The Bear Trap is a very important formation and if you haven’t heard of it before, it’s probably because you were one of those who got caught in it. This pattern describes a scenario that most of the time tempts unknowing traders with obvious signals to enter a sell trade only to then turn against them.
Order flow – what is really going on
We need to understand the order flow (how traders plan and execute their trades) to understand why and how a bear trap is created. We also have to step into the shoes of an average trader who always gets caught in these situations:
1) Price is moving in a long downtrend and traders who missed this trend are now frustrated and looking for some way to jump on the train and make at least some money.
2) Highs and lows are a popular concept and many traders use swings to plan their entry times. In our example, many looked at the downward swing and then went short when the level broke.
There are a few problems with this transaction:
People who enter briefly are chasing a very long downtrend here and enter too late
Before the breakout, volatility increased significantly and the price even broke above the moving average, signaling that the trend was likely to be changing.
We’ll learn later how to make better decisions around such swings.
3) The price moved a little lower after the breakout and short traders probably felt quite comfortable with it. They were wrong!
4) The price not only receded above the previous lows, but also a gap appeared! Let’s consider what exactly happened here:
When amateur traders who fell into a bear trap taking their short positions, they sold to professionals who bought from them with a smile on their face.
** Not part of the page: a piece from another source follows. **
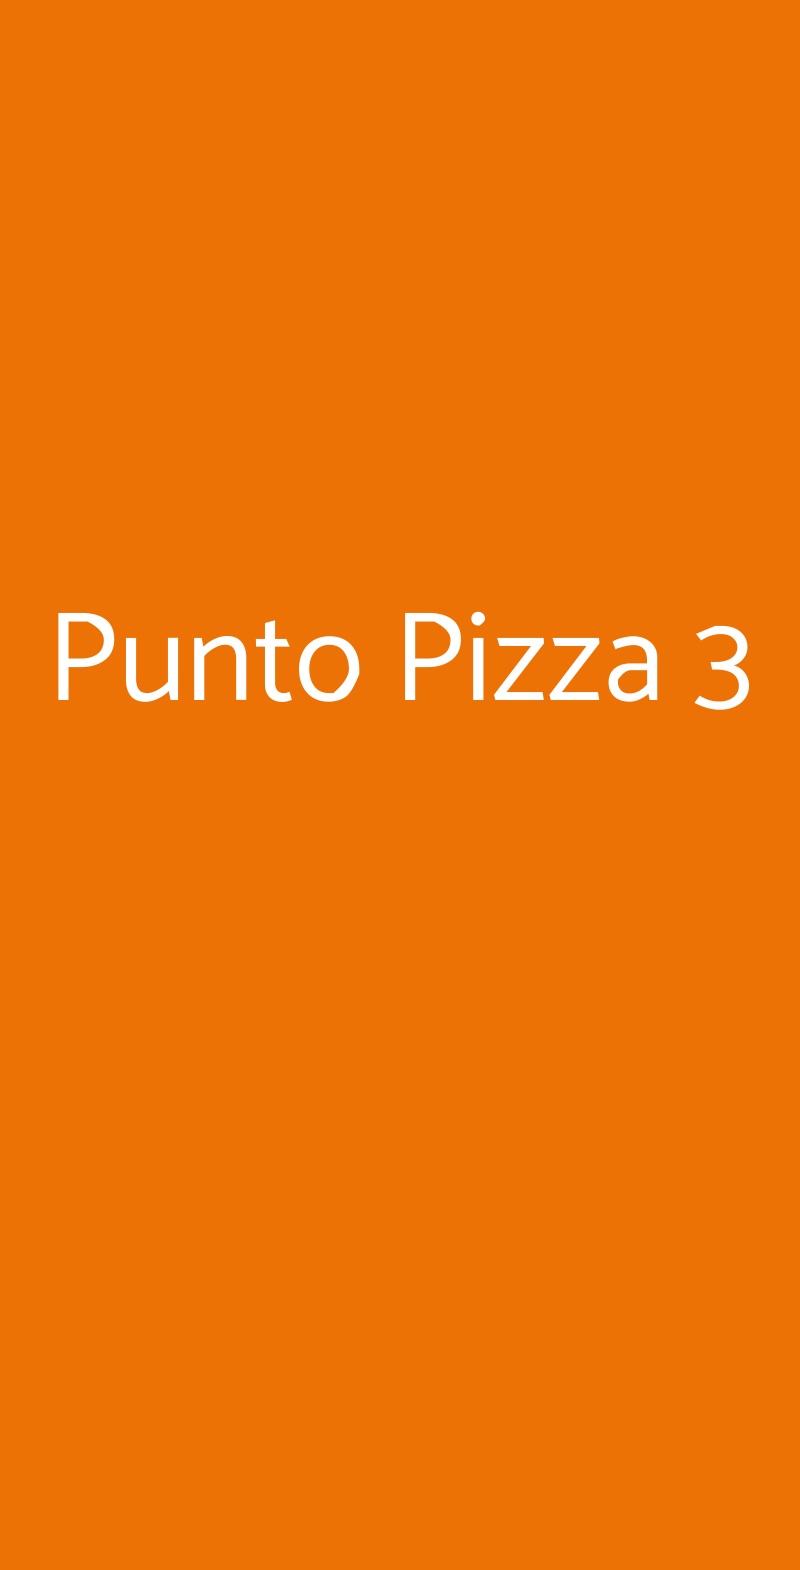 Punto Pizza 3 Faenza menù 1 pagina

However, the interest in buying from professionals was so great that all sell orders were consumed and many trades remained open. In the article on supply and demand, we learned that the market has to grow if there are more buyers (larger volume) than sellers, and that’s what happened in the growth gap.
5) Price continued its climb and trapped traders forced to exit short, meaning they had to initiate a buy trade further fueling a new uptrend.
How to avoid the bear trap?
We already know what a bear trap looks like, but how can we avoid these situations before they happen? Here are two very important tips that need to be disseminated:
1. Avoid entering a mature trend late and chasing price
Of course, it doesn’t make sense to say that you should stop trading swing points breakouts. Under the right circumstances, they can be very favorable trading opportunities.
However, you should avoid chasing a mature trend. After long periods of trend, we need to be very cautious and read the warning signals correctly.
In our previous example, we saw that just before the bearish trap hit, the price showed a strong upward impulse and even rose above the moving average. Usually, it’s not something you want to see in a mature trend as it shows buyers arriving and sellers have been unable to keep the price low.
2. Become a hunter
I am constantly looking for signs of bull and bear traps as they can be very good trading opportunities. I’m not a classic trend follower, so I’m waiting for these reversal signals to catch a new trend early on.
towards a new trend. Of course, a bear trap alone is not enough, but it is a good starting point for your price analysis. In our pro room, we also look for such traps and how to use them.
Bear trap types
Finally, I want to introduce you to one of the most common types of bear traps (the others available in the pro zone ) so that you can familiarize yourself with it and recognize it when it appears.
# 1 Double top / Double bottom
Double highs are classic patterns and reveal areas where buyers have failed to push price to new highs. Often we can see a double peak with pin bars or rejection candles. Long wicks crossing the double top show a missed breakout attempt and many people will jump into the market while the signal is still forming as it looks like a successful breakout.
Don’t get caught!
I’m sure you’ve recognized yourself while reading this article, and that’s fine. We all got caught up in such a move before. However, with the new knowledge, you should be able to see the market in a different light and become one of those who will be on the right side of the trap in the future.